Machine Learning Model for Predicting System Recovery Scenarios
Find Innovative SolutionsGenerate Solutions
Solution Overview
Problem
Current security solutions focus on preventing recovery scenarios by detecting and patching system vulnerabilities, but they lack the ability to predict and mitigate emerging recovery scenarios effectively, often resulting in significant damage and inefficiencies in system recovery processes.
Innovation Solution
A method and security system that utilize machine learning to obtain system recovery indicators and predict the likelihood of a recovery scenario, allowing for preemptive actions to minimize consequences and enhance recovery outcomes by using a model trained on system recovery indicators.

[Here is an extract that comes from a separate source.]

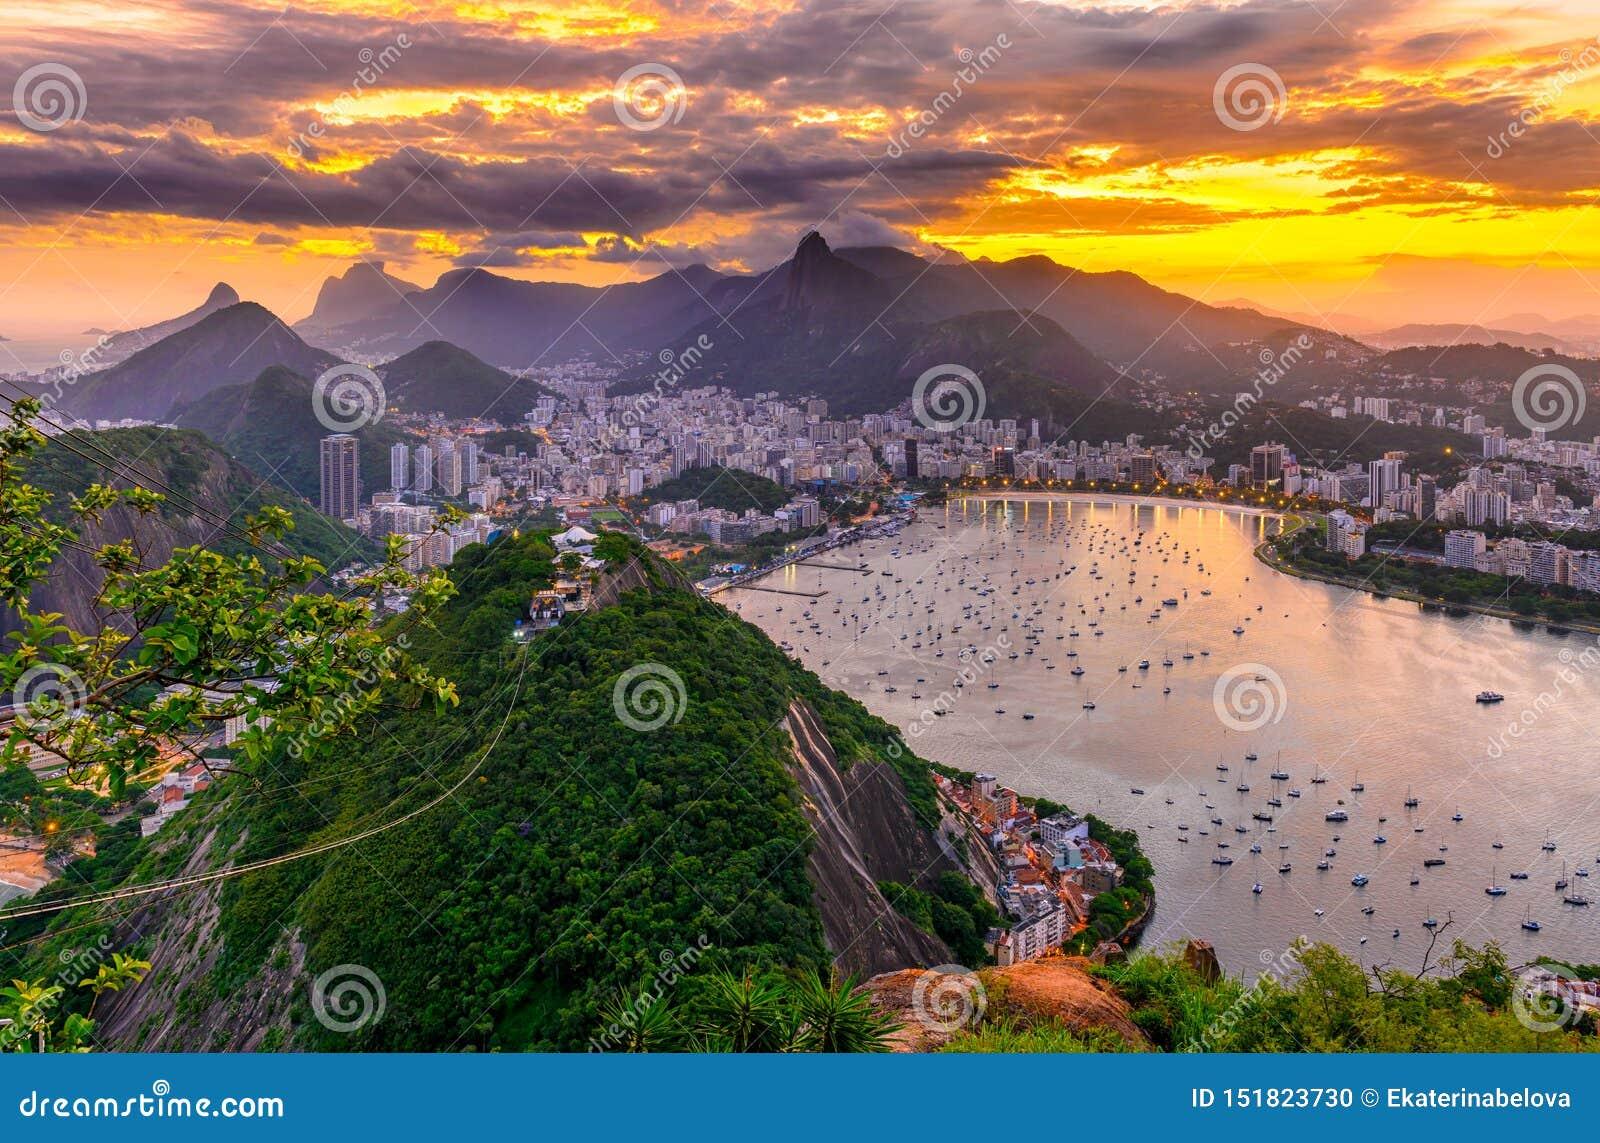 Corcovado, Botafogo and Guanabara bay in Rio de Janeiro. Brazil

Engineering Contradictions & Design Principles
Engineering Contradiction Analysis
1Reliability
If machine learning models are used to predict recovery scenarios, then system security and recovery effectiveness are improved, but device complexity and computational resource requirements increase
Solution Approach 1:
The system performs preliminary actions by training machine learning models on historical recovery data beforehand. The models are pre-trained to recognize patterns and predict upcoming recovery scenarios, allowing the system to prepare predictive capabilities in advance rather than analyzing data in real-time during crises, thus improving reliability while managing complexity through advance preparation
Solution Approach 2:
The patent introduces machine learning models as intermediary components between raw system data and recovery predictions. These models act as mediators that process complex patterns in system indicators and translate them into actionable predictions, reducing the complexity burden on the overall system while maintaining high reliability through sophisticated pattern recognition
2Reliability
If regular backups and manual restoration processes are used, then system recovery capability is maintained, but loss of time and operational downtime increase
Solution Approach 1:
The system performs preliminary actions by continuously monitoring system indicators and predicting recovery scenarios before they fully manifest. By detecting early signs of system degradation or attack patterns, the system can initiate recovery processes proactively, significantly reducing the time required for full system restoration compared to reactive backup approaches
Solution Approach 2:
The patent implements feedback mechanisms where the machine learning model continuously analyzes system state changes and adjusts predictions in real-time. This feedback loop allows the system to respond dynamically to emerging threats, optimizing recovery timing and reducing overall recovery time by acting on real-time system state information rather than relying on scheduled backups
3Measurement precision
If comprehensive system monitoring and analysis are implemented, then detection precision of recovery scenarios is improved, but use of energy and computational resources increases
Solution Approach 1:
The system applies local quality by focusing computational resources on analyzing specific critical system indicators that are most predictive of recovery scenarios. Rather than uniformly monitoring all system parameters with equal intensity, the machine learning model identifies and prioritizes key indicators, achieving high detection precision while minimizing overall computational energy consumption by concentrating analysis where it matters most
Data Source
AI summary
A method (200) for use in securing a computing system (416) against a recovery scenario from which the computing system would require recovery. The method comprises: i) obtaining (202) system recovery indicators for the computing system; and ii) predicting (204) a likelihood that the computing system will undergo the recovery scenario from the system recovery indicators using a model trained using a machine learning process that takes as input the system recovery indicators.